As I visited my local shops, I was surprised to see Howard as I came around a corner. He didn’t see me, being a little way down the street. He was loitering by my local gym. And he looked lost. What was he doing there? Was he was deliberately trying to run into me or was he was uncomfortable about being so close to one of my haunts?

Who knows?

I coped rather well. I surprised myself. Good luck to him, I thought. I’m over it

But that was until a few personal difficulties arose with loved ones this week. I’m still hypersensitive to anxiety. Even years later, an upset in my private life leaves me feeling hopeless and scared. I’m exhausted. I can’t relax. The panic attacks come back. I can’t sleep or I’m suffering with night sweats/nightmares. I find it impossible to concentrate.
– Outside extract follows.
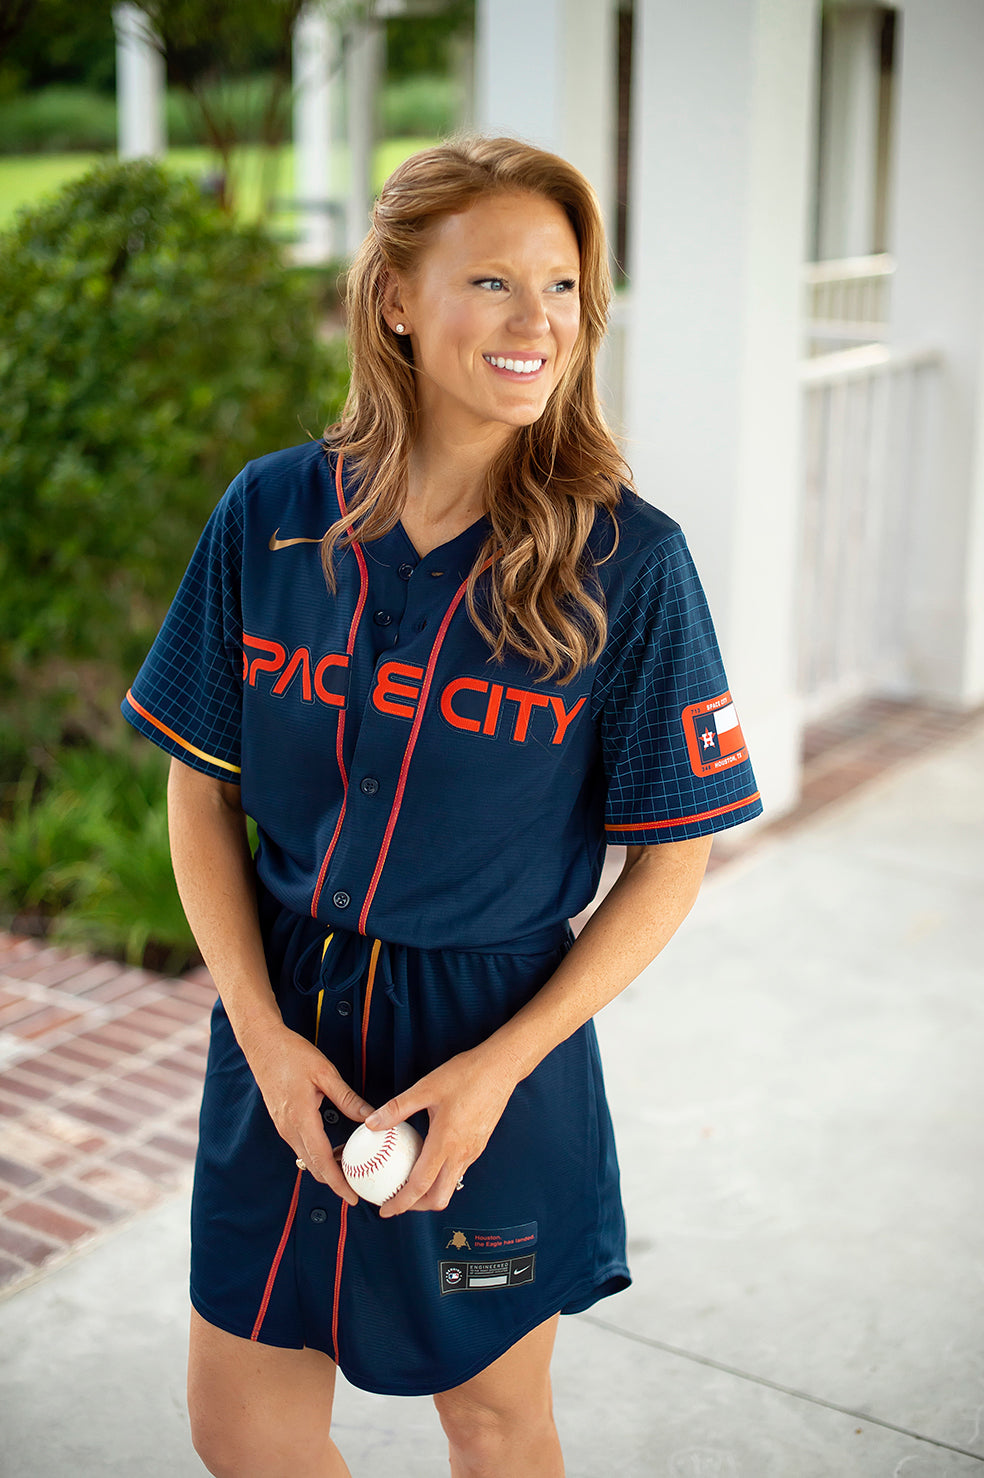 Official Women's Houston Astros Nike Gear, Womens Astros Apparel, Nike  Ladies Astros Outfits

Howard isn’t the problem. That’s how I could calmly watch him for a few minutes as he stuffed his hands in his pockets, moved down the street and frowned at the properties in an estate agent’s window. It was like poking a bruise and realising it no longer hurts. I was struck to find it wasn’t the least bit upsetting.

So what is evidently a problem is the emotional touch paper he’s left me with. It’s the buttons in my head that loved ones can inadvertently press to cause a meltdown.

Can we fix the damage caused by workplace bullying?

It’s a slow old process, but I’m still hopeful. You never know what’s round the corner; sometimes it’s Howard, sometimes it’s heartbreak and with teacher training only two weeks away – sometimes it’s a new start.

Very best
BBTB

3 comments:

Andy Platt said...

Recognise those feelings of hypersensitivity. dunno how I'd cope with seeing the manager who messed me up.

Last time I saw her was at the Employment Tribunal where I successfully demonstrated some of her lies. But that's not the same as seeing them in the wild.

Hey ho, starting new counseling next week...

Warrior Day said...

My company keep bringing my bully boss back into the office for cosy chats.

I thought I was weak for feeling panic and sickness just seeing her.

I'm starting a new session of counselling. Enjoy your teacher training, I'm sure you'll be terrific.

redrider said...

I still have nightmares about the people involved and have a feeling this will stay with me for a very long time. How will i feel when I meet them again? Don't know - will require great self control.